M. Aslam Alam is a retired Bangladeshi civil servant and chairman of the Insurance Development and Regulatory Authority of Bangladesh. He is the former rector of the Bangladesh Public Administration Training Centre. He was the secretary of the Bank and Financial Institutions Division.

== Early life ==
Alam did his bachelor's and master's in accounting at the University of Dhaka. He did another master's in international relations at the International University of Japan. He did his PhD at the University of New South Wales in sociology.

==Career==
In October 2012, Alam was appointed secretary of the Financial Institutions Division replacing Md. Shafiqur Rahman Patwary. He was the secretary of the Ministry of Disaster Management and Relief. He dissolved the board of directors of BASIC Bank Limited over loan and financial irregularities. He attended the plenary session of the Financial Action Task Force in Paris. He was removed from his post and made an officer on special duty following the Bangladesh Bank hacking in an attempt to steal one billion USD. The Federal Bureau of Investigation suspected it was the North Korean government.

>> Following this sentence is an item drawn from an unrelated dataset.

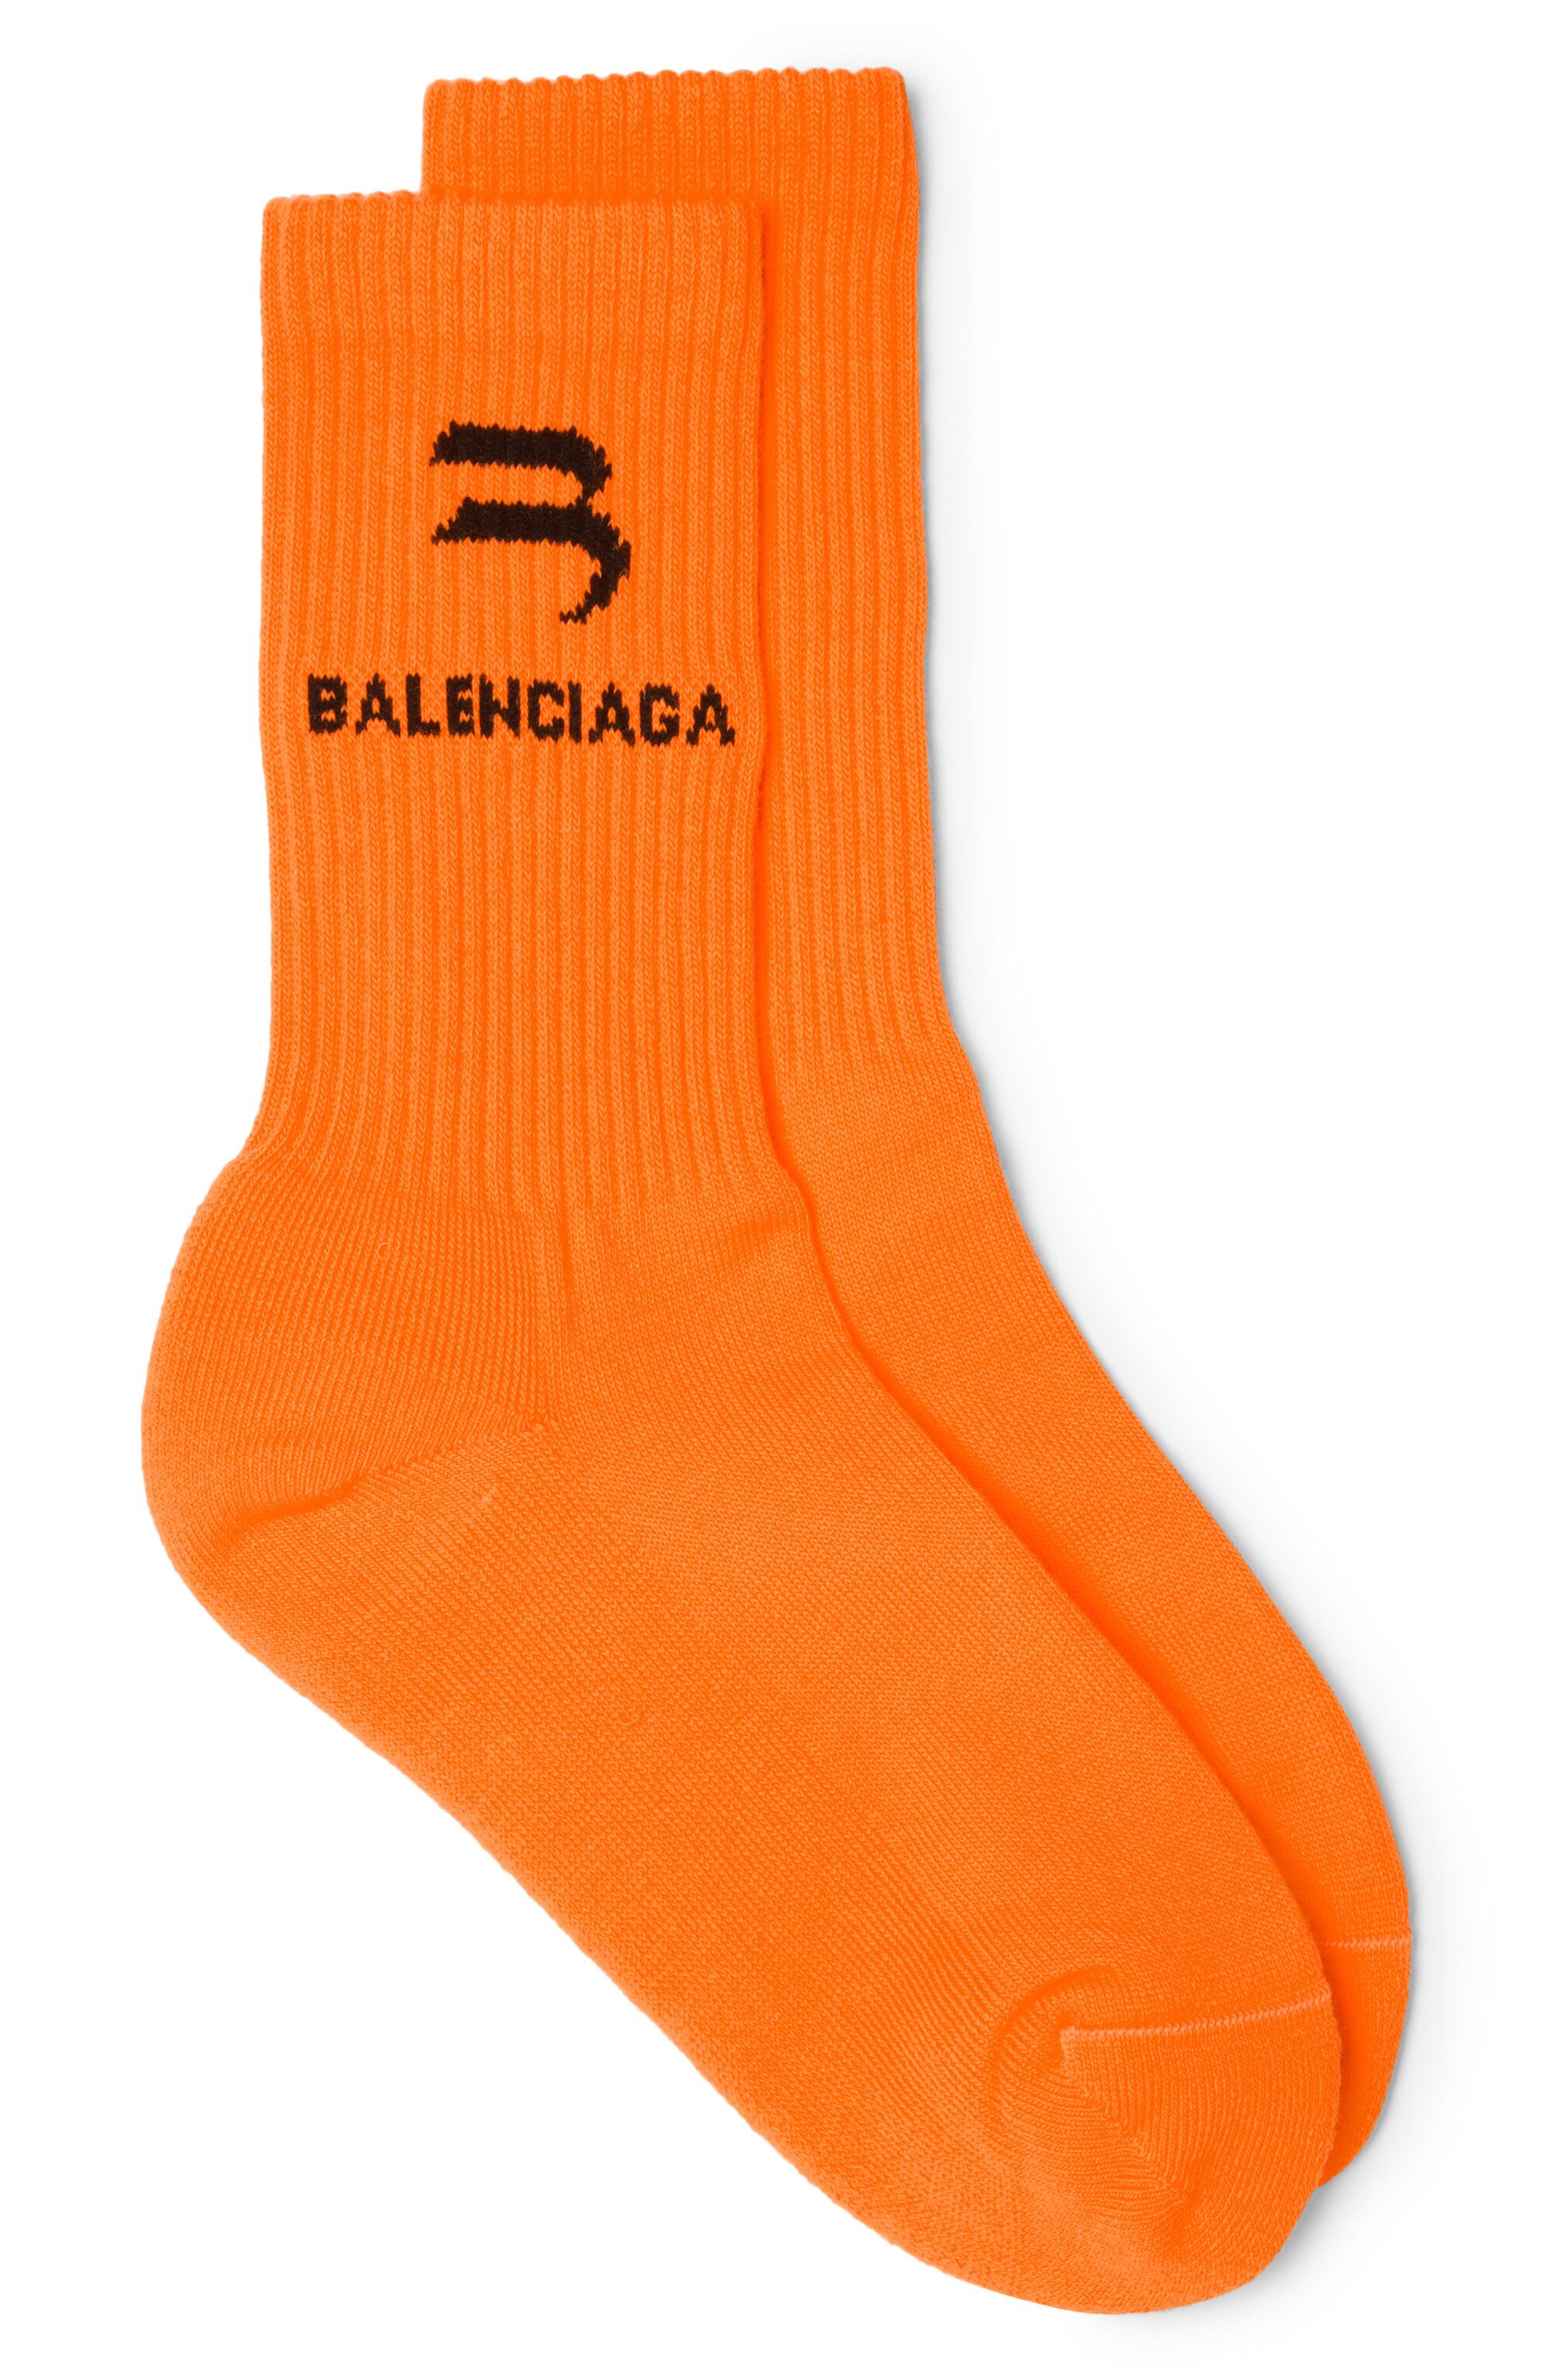 Orange crew socks with a black Balenciaga logo

Alam served from 4 May 2017 to 28 July 2019 as the rector of the Bangladesh Public Administration Training Centre. He had served as the Director General of the Prime Minister's Office.

Alam was the chairman of the Bangladesh Institute for Information Literacy and Sustainable Development.

Alam was appointed chairman of the Insurance Development and Regulatory Authority of Bangladesh on 9 September 2024 following the resignation of Mohammad Jainul Bari.

In July 2025, Alam's allotment of a flat in the Dhanmondi Housing Project was cancelled by the government of Bangladesh. After the fall of the Sheikh Hasina led Awami League government, a murder case was filed against him by Bangladesh Nationalist Party politician Mohammad Zaman Hossain Khan over the death of a protestor in July 2024.

== Bibliography ==

- Insights from Developing Countries (Routledge, 2020), coedited with Dilara Begum, and Fakrul Alam.